Induction of functional beta-adrenergic receptors in rat aortic smooth muscle cells by sodium butyrate

Abstract

Rat aortic smooth muscle cells in culture (A-10; ATCC CRL 1476) exhibited low levels of beta-adrenergic receptors as determined by specific binding of [125I]cyanopindolol ([125I]CYP) and marginal stimulation of adenylate cyclase in plasma membranes by (-)isoproterenol. When these cells were exposed to 5 mM sodium butyrate, the number of beta-adrenergic receptors and the beta-agonist-stimulated adenylate cyclase activity increased markedly. However, basal, GTP, Gpp(NH)p, and fluoride-stimulated activities did not change. The induction of beta-adrenergic receptors and beta-agonist stimulated adenylate cyclase activity was time- and dose-dependent, and was relatively specific for sodium butyrate. Propionate and valerate were less effective than butyrate, while isobutyrate, succinate, and malonate were ineffective. The induction involved RNA and protein synthesis because induction was prevented by treatment with cycloheximide, puromycin, and actinomycin D. Butyrate did not cause a general increase in cell surface receptors, because the number of vasopressin receptors did not change. The sustained presence of butyrate appeared to be necessary for the maintenance of the induced beta-receptors. When butyrate was removed, receptor number and beta-agonist-stimulated adenylate cyclase activity were decreased by 90% over 24 hr.

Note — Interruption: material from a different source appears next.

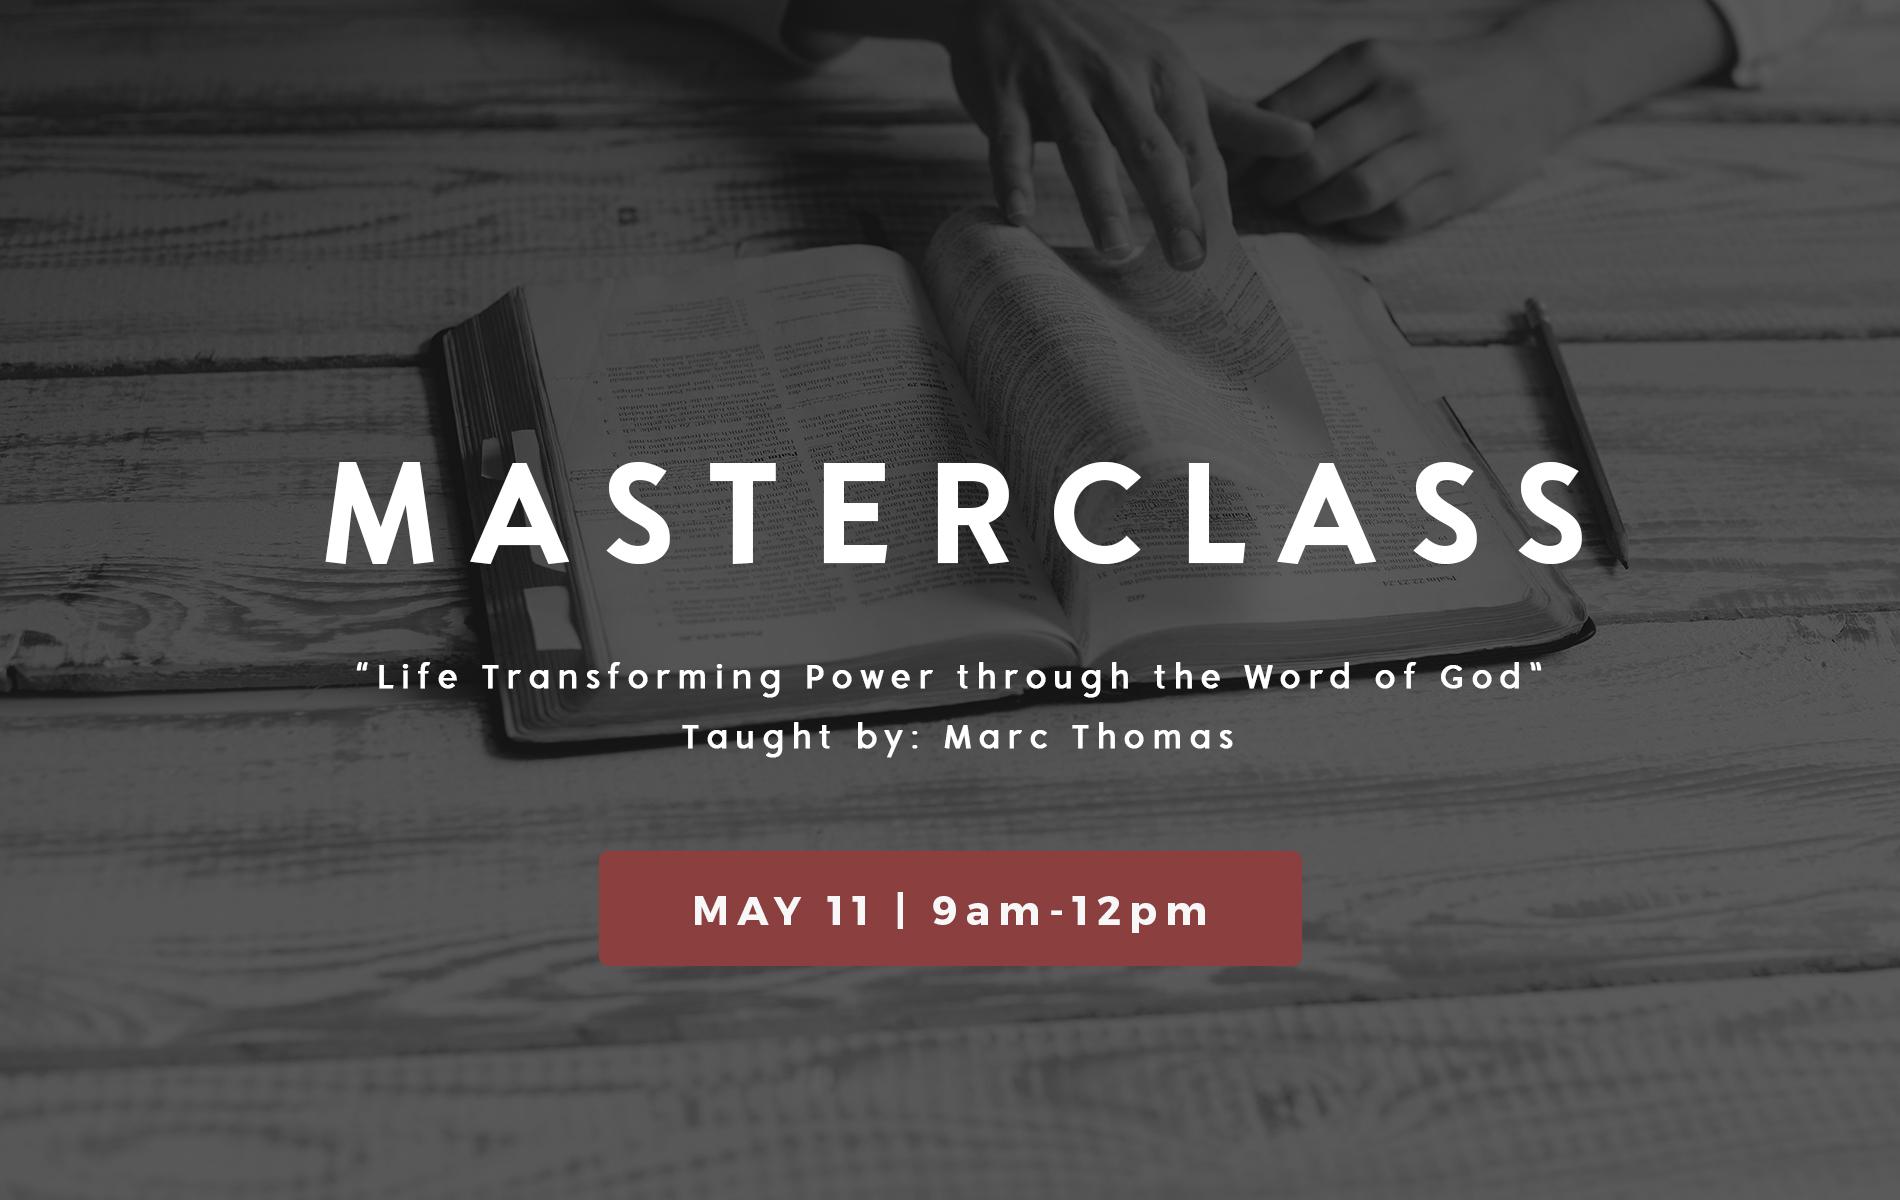 may11_masterclass_slide.jpg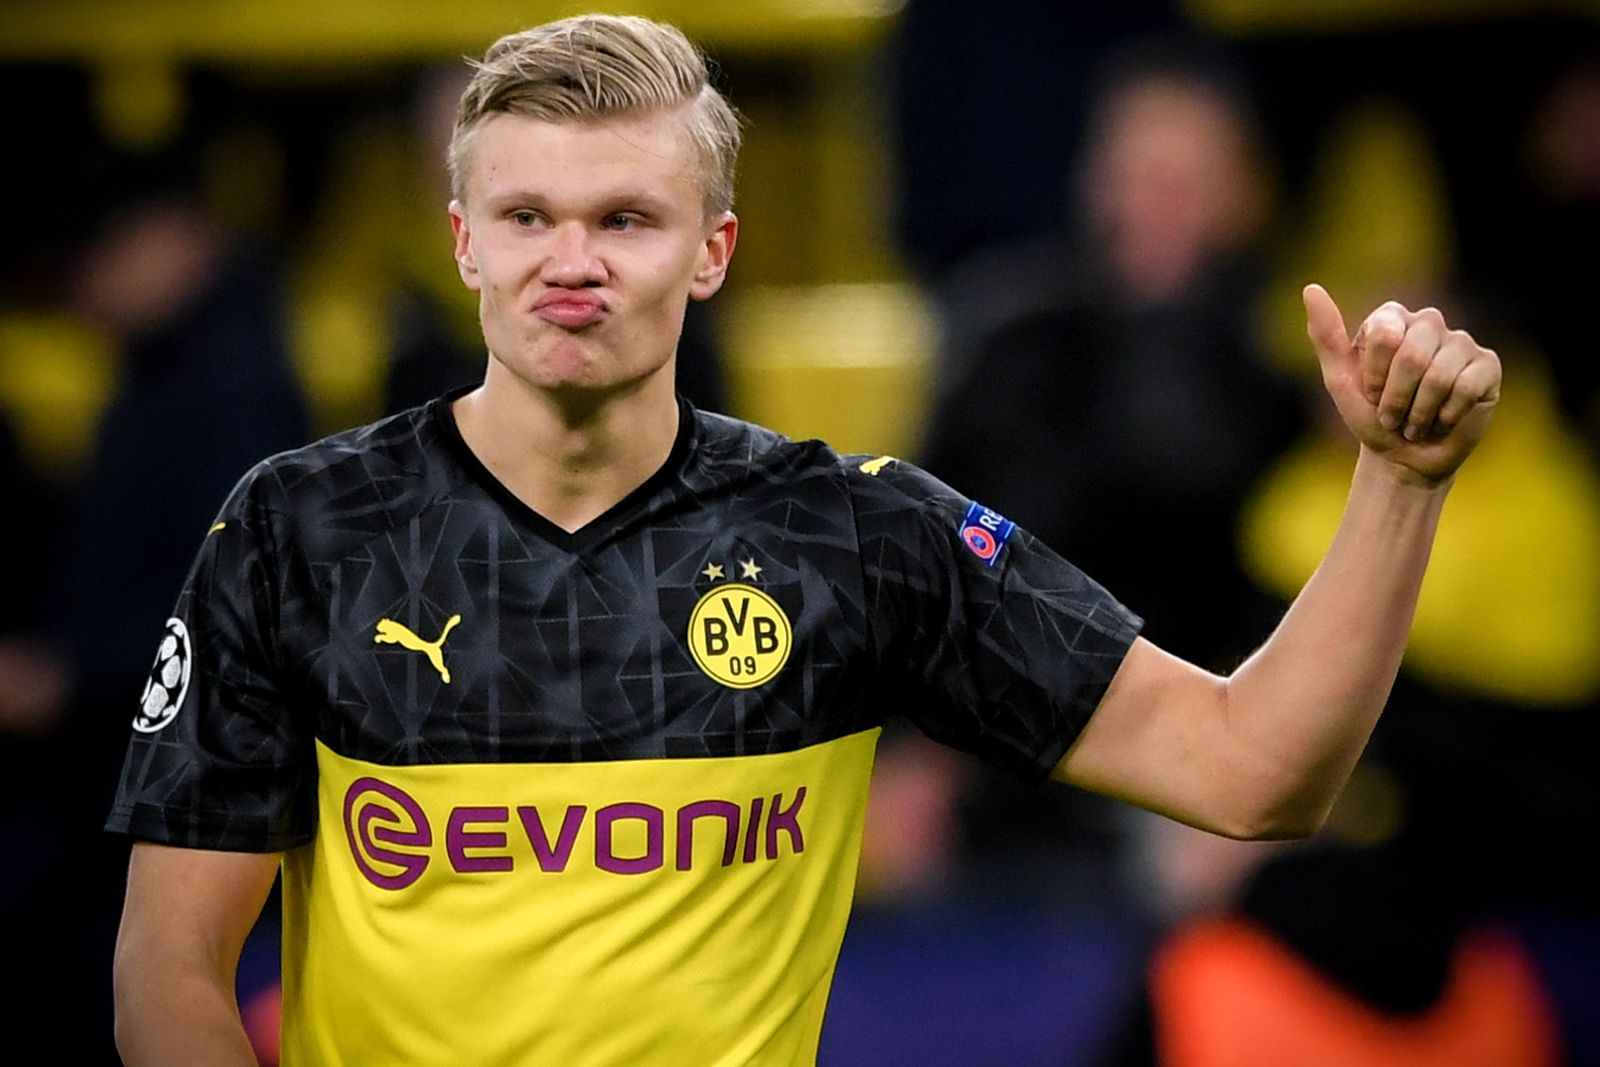 Borussia Dortmund vs Paris Saint-Germain, Germany - 18 Feb 2020

We conclude that the poor response of rat aortic smooth muscle cell plasma membranes to beta-adrenergic agonists is due to the presence of a low number of beta-adrenergic receptors. Butyrate markedly increased the number of beta-receptors which resulted in a proportional increase in beta-agonist-stimulated adenylate cyclase activity. The increase in receptor number was dependent on RNA and protein synthesis. Butyrate treatment did not affect the activity of the cyclase unit and the efficiency of coupling between the receptors and the guanine nucleotide regulatory protein, Ns.